The Act, in force as of 1 October, provides in Section 147(5)(d) that:

‘. . . none of the following is an independent adviser in relation to a qualifying compromise contract:

(a) a person who is a party to the contract or the complaint; and

(d) a person who is acting for a person within paragraph (a) in

relation to the contract or the complaint . . .”

The literal effect of this would be that an adviser who has acted for the employee in relation to the contract or complaint to date cannot also advise the employee on a compromise agreement to settle a claim or complaint.   It would appear that this is a flaw in the drafting of this section of the Act.

How will this be interpreted?

The Courts have built up, over the years, a line of case law which deals with the interpretation of drafting errors in legislation and other ambiguities. Where the wording of the statute is plain and unambiguous, the Courts are bound to construe them in their ordinary sense, even if it leads to an absurd result or manifest injustice. However, as soon as the provision is acknowledged to be ambiguous (i.e. more than one meaning can be derived from the plain reading of the words used) the Courts may take account of any absurdity that would occur from a particular interpretation.

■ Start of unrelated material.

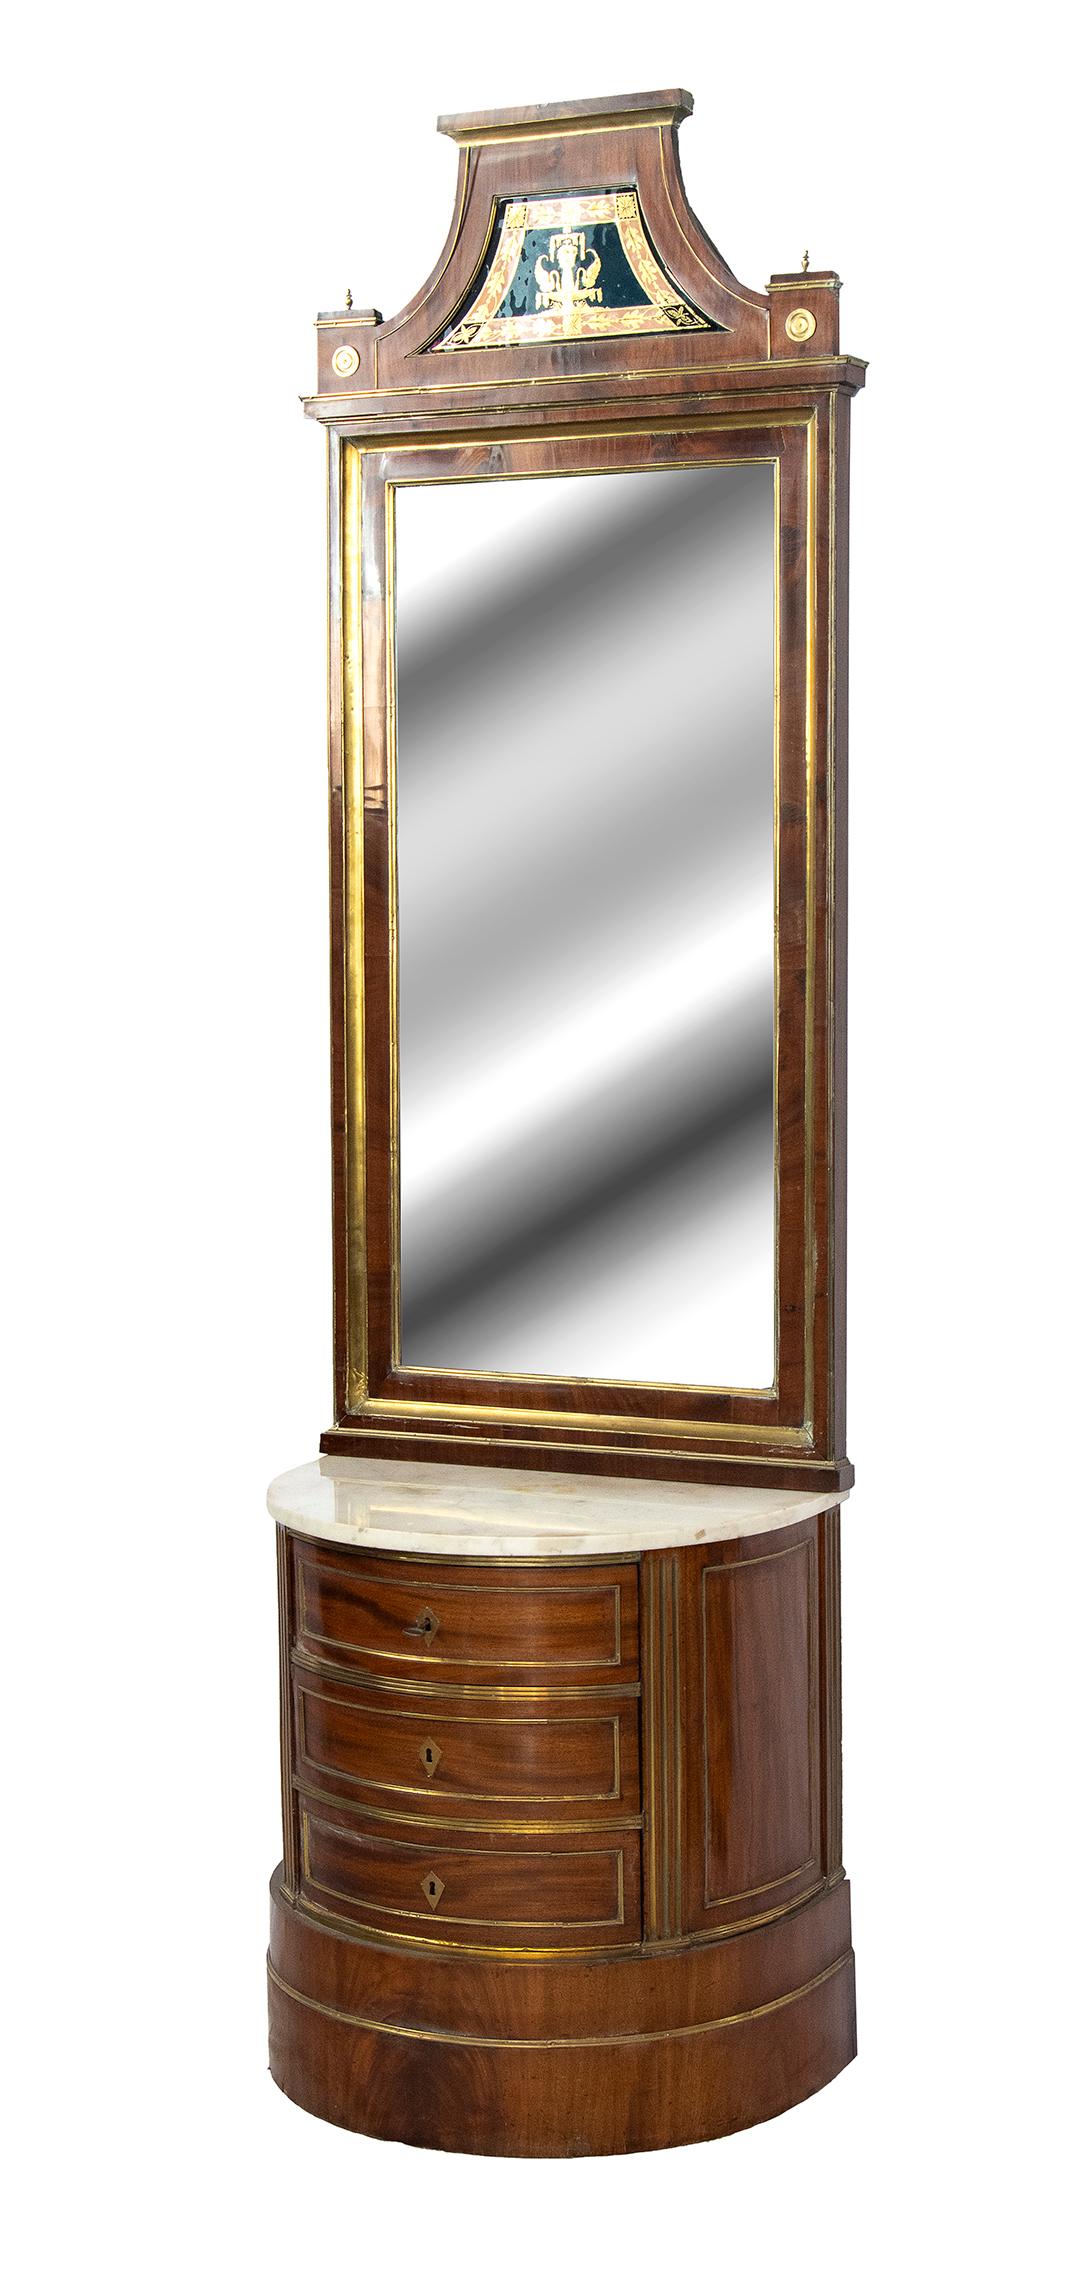 Commode Biedermeier avec miroir - provenance Russie, début du 19ème siècle( c. 1820s)
En forme de croissant, avec un plateau en marbre blanc de Carrare, trois tiroirs, base sans pied. Bronzes dorés sur les bords des tiroirs et sur le bord du

It appears that the wording of section 147 is plain and unambiguous in the way it is drafted. However, a reading of the explanatory notes shows that its effect is clearly not what the legislature intended. There is case law which indicates that the Courts may, in such cases, be prepared to look at all the evidence (such as Parliamentary debates recorded by Hansard) to determine what the legislation was intended to do.

We would hope that any Employment Tribunal faced with interpreting this section would agree that its meaning does not accord with the corresponding sections of other legislation such as section 203 of the Employment Rights Act 1996 (which relates to the settlement of claims under that Act, such as unfair dismissal), and therefore conclude that this could not have been the Government’s intention.

How could this affect employers?

Taking a literal interpretation of section 147 of the Act could mean that a compromise agreement is not valid because the adviser was not an independent adviser within the Act. Indeed, it could mean that no claim under the Equality Act could ever be settled by way of compromise agreement since an independent advisor is not allowed to be a person (e.g. solicitor) who is “acting” for an employee in relation to the claim or complaint.

Options for employers and associated risks

As the wording of section 147 of the Act produces what can only be described as a clear error, it is hoped that Parliament will be able to resolve this shortly. Until that time, or until the Courts are required to make a declaration as to the meaning of this provision, employers are left in the uncomfortable position that there is a risk that their compromise agreements can be challenged as unenforceable.

The only watertight solution is for employers to consider using a COT3, where appropriate. This is an ACAS form for conciliating an agreement between employer and employee.

In cases where a COT3 is not appropriate, employers will have to assess the risk of continuing to use a compromise agreement. Essentially, the risk is that employers will be open to a challenge being made. However, given that the drafting error appears to be a simple one, which will not require much creativity on the part of the courts, it is hoped the risk will not be great or prolonged.